_Task item_.
Transcribe the records below. Leave every line exactly as written.

=====

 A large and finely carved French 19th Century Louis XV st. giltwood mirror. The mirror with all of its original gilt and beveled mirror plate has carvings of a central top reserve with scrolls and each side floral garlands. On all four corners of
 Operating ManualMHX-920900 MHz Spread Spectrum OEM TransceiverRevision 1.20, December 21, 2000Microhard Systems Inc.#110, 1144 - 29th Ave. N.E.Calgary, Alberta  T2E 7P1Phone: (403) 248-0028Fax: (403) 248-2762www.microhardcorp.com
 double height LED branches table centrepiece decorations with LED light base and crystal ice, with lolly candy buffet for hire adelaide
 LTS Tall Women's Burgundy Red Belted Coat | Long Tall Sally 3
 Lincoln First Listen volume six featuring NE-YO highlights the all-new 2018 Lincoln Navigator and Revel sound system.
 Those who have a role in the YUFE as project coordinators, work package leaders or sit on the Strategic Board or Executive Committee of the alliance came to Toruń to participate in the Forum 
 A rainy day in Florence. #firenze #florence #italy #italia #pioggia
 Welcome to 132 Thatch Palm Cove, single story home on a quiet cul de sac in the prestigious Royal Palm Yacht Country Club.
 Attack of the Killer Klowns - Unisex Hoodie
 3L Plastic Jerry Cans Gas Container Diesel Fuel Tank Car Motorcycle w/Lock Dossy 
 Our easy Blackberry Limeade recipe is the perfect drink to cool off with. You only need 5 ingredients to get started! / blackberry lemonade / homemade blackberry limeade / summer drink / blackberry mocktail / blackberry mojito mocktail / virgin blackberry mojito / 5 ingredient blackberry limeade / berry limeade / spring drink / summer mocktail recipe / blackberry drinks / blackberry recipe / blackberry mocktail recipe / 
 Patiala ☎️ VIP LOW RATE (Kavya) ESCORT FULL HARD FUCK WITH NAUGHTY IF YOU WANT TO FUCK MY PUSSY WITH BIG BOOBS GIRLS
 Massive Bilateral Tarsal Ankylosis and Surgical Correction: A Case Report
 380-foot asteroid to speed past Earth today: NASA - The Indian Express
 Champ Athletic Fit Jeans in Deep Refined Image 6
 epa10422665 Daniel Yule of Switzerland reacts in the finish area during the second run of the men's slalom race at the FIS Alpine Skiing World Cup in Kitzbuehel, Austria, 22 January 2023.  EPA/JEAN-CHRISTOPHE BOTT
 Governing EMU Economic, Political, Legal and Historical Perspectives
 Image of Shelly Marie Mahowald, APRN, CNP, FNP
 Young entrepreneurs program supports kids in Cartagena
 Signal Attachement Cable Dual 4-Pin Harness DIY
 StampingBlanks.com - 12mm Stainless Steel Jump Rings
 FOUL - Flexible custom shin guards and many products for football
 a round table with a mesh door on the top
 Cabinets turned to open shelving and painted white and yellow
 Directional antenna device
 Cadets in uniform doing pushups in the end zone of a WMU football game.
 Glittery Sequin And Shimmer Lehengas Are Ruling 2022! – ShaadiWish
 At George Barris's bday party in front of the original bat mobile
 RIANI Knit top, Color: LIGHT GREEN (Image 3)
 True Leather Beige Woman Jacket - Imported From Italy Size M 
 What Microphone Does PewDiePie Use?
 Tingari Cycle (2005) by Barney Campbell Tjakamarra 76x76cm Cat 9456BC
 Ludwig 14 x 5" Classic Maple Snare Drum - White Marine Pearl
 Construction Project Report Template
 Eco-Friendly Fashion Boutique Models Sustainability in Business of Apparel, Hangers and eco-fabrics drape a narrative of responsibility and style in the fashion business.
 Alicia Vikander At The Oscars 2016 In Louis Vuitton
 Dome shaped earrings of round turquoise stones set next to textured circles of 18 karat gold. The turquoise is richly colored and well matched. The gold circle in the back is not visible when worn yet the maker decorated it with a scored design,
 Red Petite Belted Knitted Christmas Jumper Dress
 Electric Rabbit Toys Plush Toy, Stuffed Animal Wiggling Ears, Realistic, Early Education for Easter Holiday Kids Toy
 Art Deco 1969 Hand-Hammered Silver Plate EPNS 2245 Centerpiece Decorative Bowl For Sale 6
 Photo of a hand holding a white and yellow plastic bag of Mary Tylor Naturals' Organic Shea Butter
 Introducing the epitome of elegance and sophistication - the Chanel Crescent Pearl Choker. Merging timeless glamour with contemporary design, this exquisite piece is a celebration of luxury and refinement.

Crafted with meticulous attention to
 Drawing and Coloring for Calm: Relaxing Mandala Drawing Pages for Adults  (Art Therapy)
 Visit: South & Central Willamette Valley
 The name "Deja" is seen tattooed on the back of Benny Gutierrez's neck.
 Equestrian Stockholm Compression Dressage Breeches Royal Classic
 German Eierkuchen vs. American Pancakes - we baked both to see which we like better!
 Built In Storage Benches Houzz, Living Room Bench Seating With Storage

=====

_Solution for this task_.
 A large and finely carved French 19th Century Louis XV st. giltwood mirror. The mirror with all of its original gilt and beveled mirror plate has carvings of a central top reserve with scrolls and each side floral garlands. On all four corners of
 Operating ManualMHX-920900 MHz Spread Spectrum OEM TransceiverRevision 1.20, December 21, 2000Microhard Systems Inc.#110, 1144 - 29th Ave. N.E.Calgary, Alberta  T2E 7P1Phone: (403) 248-0028Fax: (403) 248-2762www.microhardcorp.com
 double height LED branches table centrepiece decorations with LED light base and crystal ice, with lolly candy buffet for hire adelaide
 LTS Tall Women's Burgundy Red Belted Coat | Long Tall Sally 3
 Lincoln First Listen volume six featuring NE-YO highlights the all-new 2018 Lincoln Navigator and Revel sound system.
 Those who have a role in the YUFE as project coordinators, work package leaders or sit on the Strategic Board or Executive Committee of the alliance came to Toruń to participate in the Forum 
 A rainy day in Florence. #firenze #florence #italy #italia #pioggia
 Welcome to 132 Thatch Palm Cove, single story home on a quiet cul de sac in the prestigious Royal Palm Yacht Country Club.
 Attack of the Killer Klowns - Unisex Hoodie
 3L Plastic Jerry Cans Gas Container Diesel Fuel Tank Car Motorcycle w/Lock Dossy 
 Our easy Blackberry Limeade recipe is the perfect drink to cool off with. You only need 5 ingredients to get started! / blackberry lemonade / homemade blackberry limeade / summer drink / blackberry mocktail / blackberry mojito mocktail / virgin blackberry mojito / 5 ingredient blackberry limeade / berry limeade / spring drink / summer mocktail recipe / blackberry drinks / blackberry recipe / blackberry mocktail recipe / 
 Patiala ☎️ VIP LOW RATE (Kavya) ESCORT FULL HARD FUCK WITH NAUGHTY IF YOU WANT TO FUCK MY PUSSY WITH BIG BOOBS GIRLS
 Massive Bilateral Tarsal Ankylosis and Surgical Correction: A Case Report
 380-foot asteroid to speed past Earth today: NASA - The Indian Express
 Champ Athletic Fit Jeans in Deep Refined Image 6
 epa10422665 Daniel Yule of Switzerland reacts in the finish area during the second run of the men's slalom race at the FIS Alpine Skiing World Cup in Kitzbuehel, Austria, 22 January 2023.  EPA/JEAN-CHRISTOPHE BOTT
 Governing EMU Economic, Political, Legal and Historical Perspectives
 Image of Shelly Marie Mahowald, APRN, CNP, FNP
 Young entrepreneurs program supports kids in Cartagena
 Signal Attachement Cable Dual 4-Pin Harness DIY
 StampingBlanks.com - 12mm Stainless Steel Jump Rings
 FOUL - Flexible custom shin guards and many products for football
 a round table with a mesh door on the top
 Cabinets turned to open shelving and painted white and yellow
 Directional antenna device
 Cadets in uniform doing pushups in the end zone of a WMU football game.
 Glittery Sequin And Shimmer Lehengas Are Ruling 2022! – ShaadiWish
 At George Barris's bday party in front of the original bat mobile
 RIANI Knit top, Color: LIGHT GREEN (Image 3)
 True Leather Beige Woman Jacket - Imported From Italy Size M 
 What Microphone Does PewDiePie Use?
 Tingari Cycle (2005) by Barney Campbell Tjakamarra 76x76cm Cat 9456BC
 Ludwig 14 x 5" Classic Maple Snare Drum - White Marine Pearl
 Construction Project Report Template
 Eco-Friendly Fashion Boutique Models Sustainability in Business of Apparel, Hangers and eco-fabrics drape a narrative of responsibility and style in the fashion business.
 Alicia Vikander At The Oscars 2016 In Louis Vuitton
 Dome shaped earrings of round turquoise stones set next to textured circles of 18 karat gold. The turquoise is richly colored and well matched. The gold circle in the back is not visible when worn yet the maker decorated it with a scored design,
 Red Petite Belted Knitted Christmas Jumper Dress
 Electric Rabbit Toys Plush Toy, Stuffed Animal Wiggling Ears, Realistic, Early Education for Easter Holiday Kids Toy
 Art Deco 1969 Hand-Hammered Silver Plate EPNS 2245 Centerpiece Decorative Bowl For Sale 6
 Photo of a hand holding a white and yellow plastic bag of Mary Tylor Naturals' Organic Shea Butter
 Introducing the epitome of elegance and sophistication - the Chanel Crescent Pearl Choker. Merging timeless glamour with contemporary design, this exquisite piece is a celebration of luxury and refinement.

Crafted with meticulous attention to
 Drawing and Coloring for Calm: Relaxing Mandala Drawing Pages for Adults  (Art Therapy)
 Visit: South & Central Willamette Valley
 The name "Deja" is seen tattooed on the back of Benny Gutierrez's neck.
 Equestrian Stockholm Compression Dressage Breeches Royal Classic
 German Eierkuchen vs. American Pancakes - we baked both to see which we like better!
 Built In Storage Benches Houzz, Living Room Bench Seating With Storage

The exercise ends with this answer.